We reanalysed previously published data of wild-type and ash2 mutant transcriptomes (14), where two Affymetrix GeneChip Drosophila Genome 2.0 arrays (Affymetrix Inc.) were hybridized per sample. For wild-type flies, we defined three gene classes according to the expression level: highly expressed (5000 or more), expressed (50–5000) and silenced (50 or less). To calculate the Spearman’s rank correlation coefficient between gene expression and the number of targets of each ChIP-Seq experiment, we previously computed the target gene density of the microarray (using a window of 100 genes). To build the list of upregulated and downregulated genes in the mutant microarray, we selected the genes for which the ratio between the expression value in the mutant array and the wild-type wing disc transcriptome was either above 2.0 or below 0.5 (upregulated and downregulated in ash2 mutants, respectively) with an absolute difference between the values of at least 100 units. Both lists were intersected with ASH2 and H3K4me3 target genes to build the final set of 196 downregulated and 137 upregulated genes in ash2 mutants. To evaluate the statistical significance of the differences observed in gene size, number of exons and number of isoforms between upregulated and downregulated genes, we performed on each gene feature a two sample t-test that discriminates whether two distributions of means can be assumed to be equal (null hypothesis) or not. MEME (32) was run on the preferred ASH2 binding region of these genes in our ChIP-Seq experiments, which is (–370, +560) around the TSS, using TomTom (33) to scan the collections of known transcription factor binding sites (34,35). In addition, TRANSFAC and JASPAR catalogues were used to complement the motif search in the ASH2 binding regions (similarity threshold 85%) (36,37). We filtered out the predicted motifs that were not conserved at least in Drosophila pseudoobscura and four additional Drosophilids in the genome alignments of 12 Drosophila species (38). We implemented multiple scripts written in Perl and R in order to perform most of these tasks (format conversion among different tools, comparison of lists of targets, association of genes with lists of targets and graphical representations of reads around the TSS of genes and within the genes). This software is available upon request to the authors.
Details of other procedures are provided in Supplementary Data S1.

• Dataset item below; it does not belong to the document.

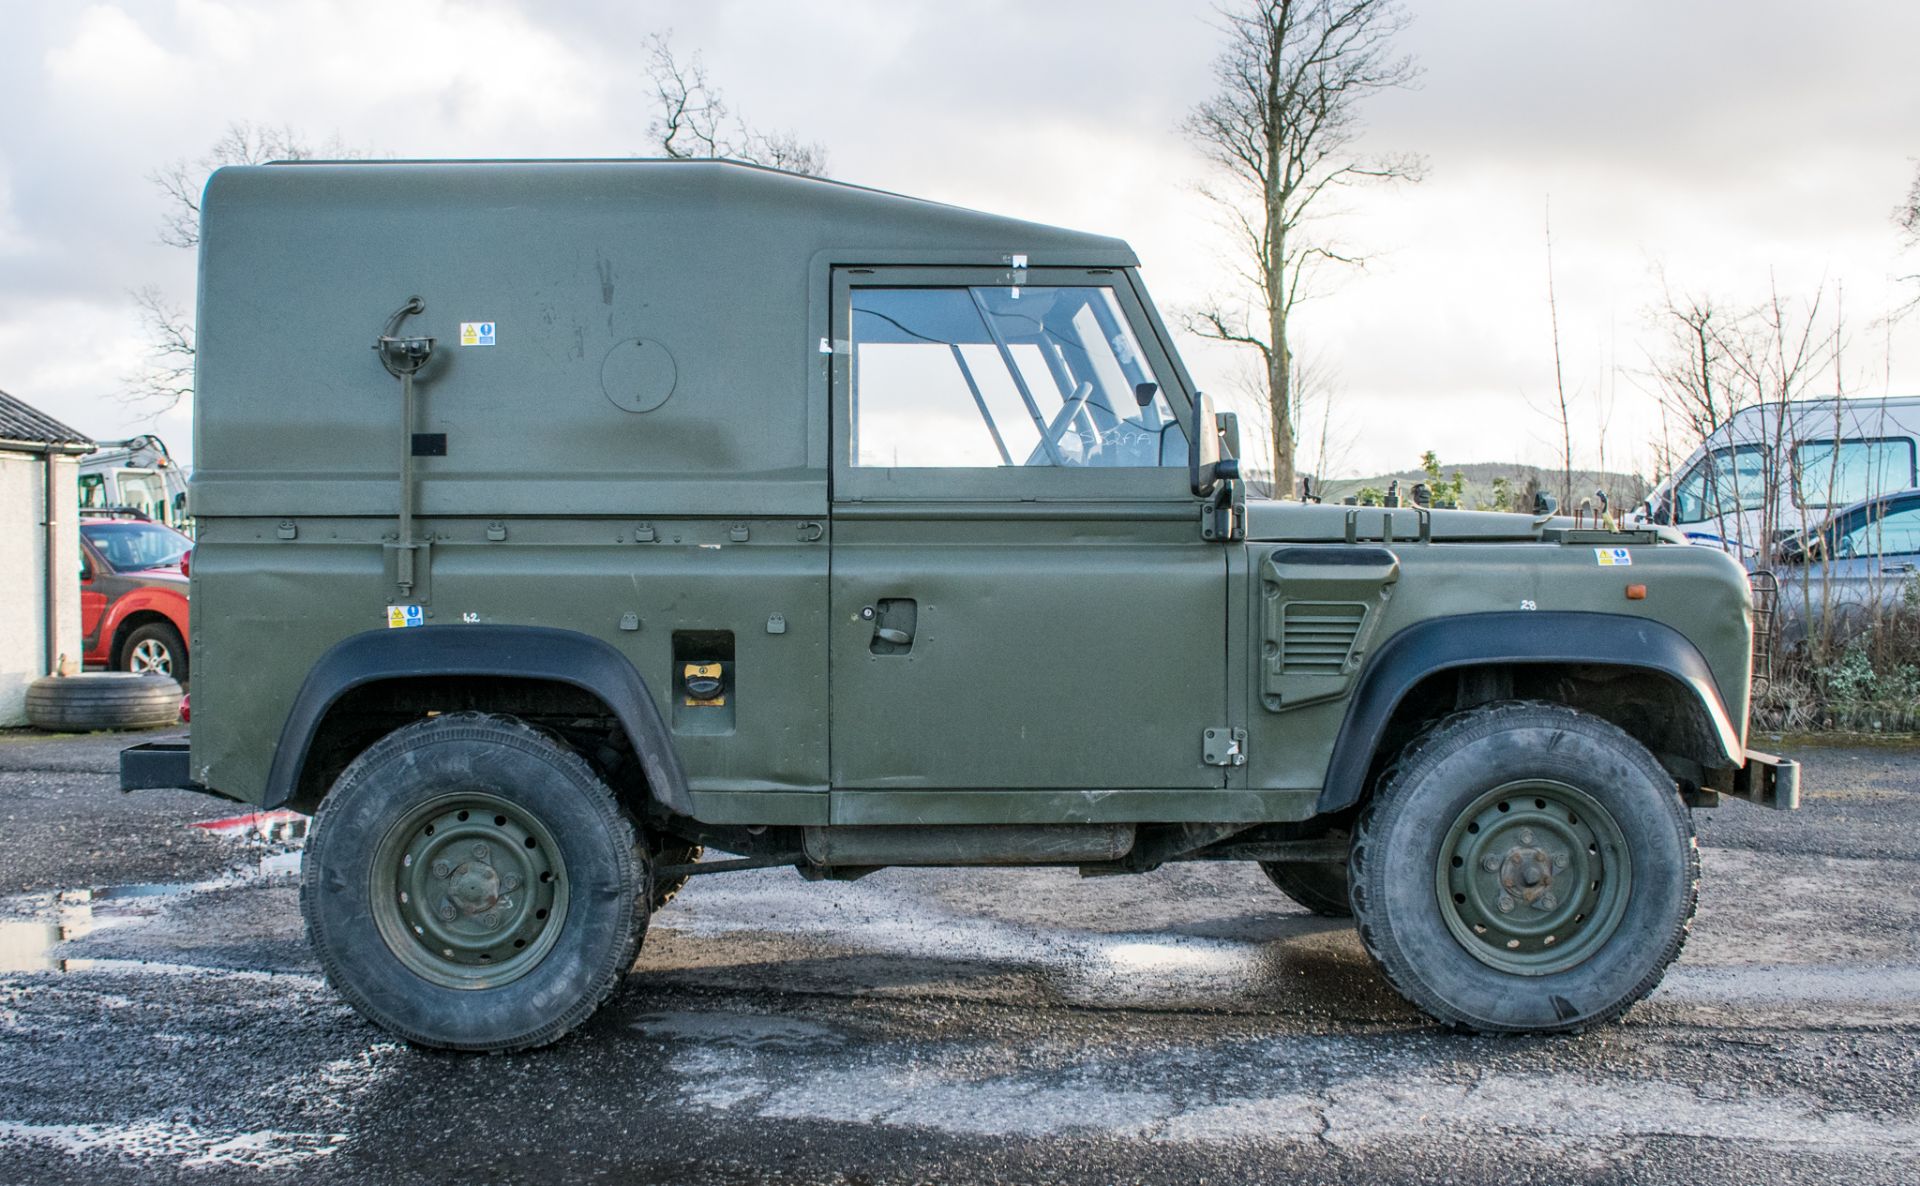 Land Rover Defender 90 Wolf 300 TDI 4wd TUL hard top utility vehicle (EX MOD) Date into Service: - Image 8 of 27

ASH2 occupancy was mapped using chromatin isolated from third instar larva wing imaginal discs, obtaining 8009 target genes (Figure 1 and Supplementary Table S1). GO analysis revealed a significant enrichment in development and morphogenesis categories (Supplementary Figure S1). We also determined the genomic distribution of H3K4me3 and H3K36me3, as specific marks of positive transcriptional regulation and H3K27me3 as a negative mark (Supplementary Table S1). We identified 5730 target genes for H3K4me3, 4919 for H3K36me3 and 2999 for H3K27me3. Figure 1A shows an example of ASH2 binding between two peaks of H3K4me3 associated with katanin-60 and Mms19 genes, which display opposite transcriptional orientation. H3K36me3 extends over the gene region of both expressed genes. By contrast, in an example of a gene silenced in the wing disc, H3K27me3 is spread throughout the Deformed (Dfd) locus. As anticipated, there was extensive overlap between ASH2 occupancy and the H3K4me3 and H3K36me3 marks, but not with H3K27me3 (Figure 1B). A subset of 441 genes has both activating and silencing marks, and among those, 423 contain ASH2 binding sites. Genes from several pathways known to be expressed differentially in the wing disc are included in this group (Supplementary Figure S1), suggesting that the two marks are present in various cell types according to their transcriptional state. Thus, we can predict that uncharacterized genes of this group display heterogeneous expression patterns in the wing tissue.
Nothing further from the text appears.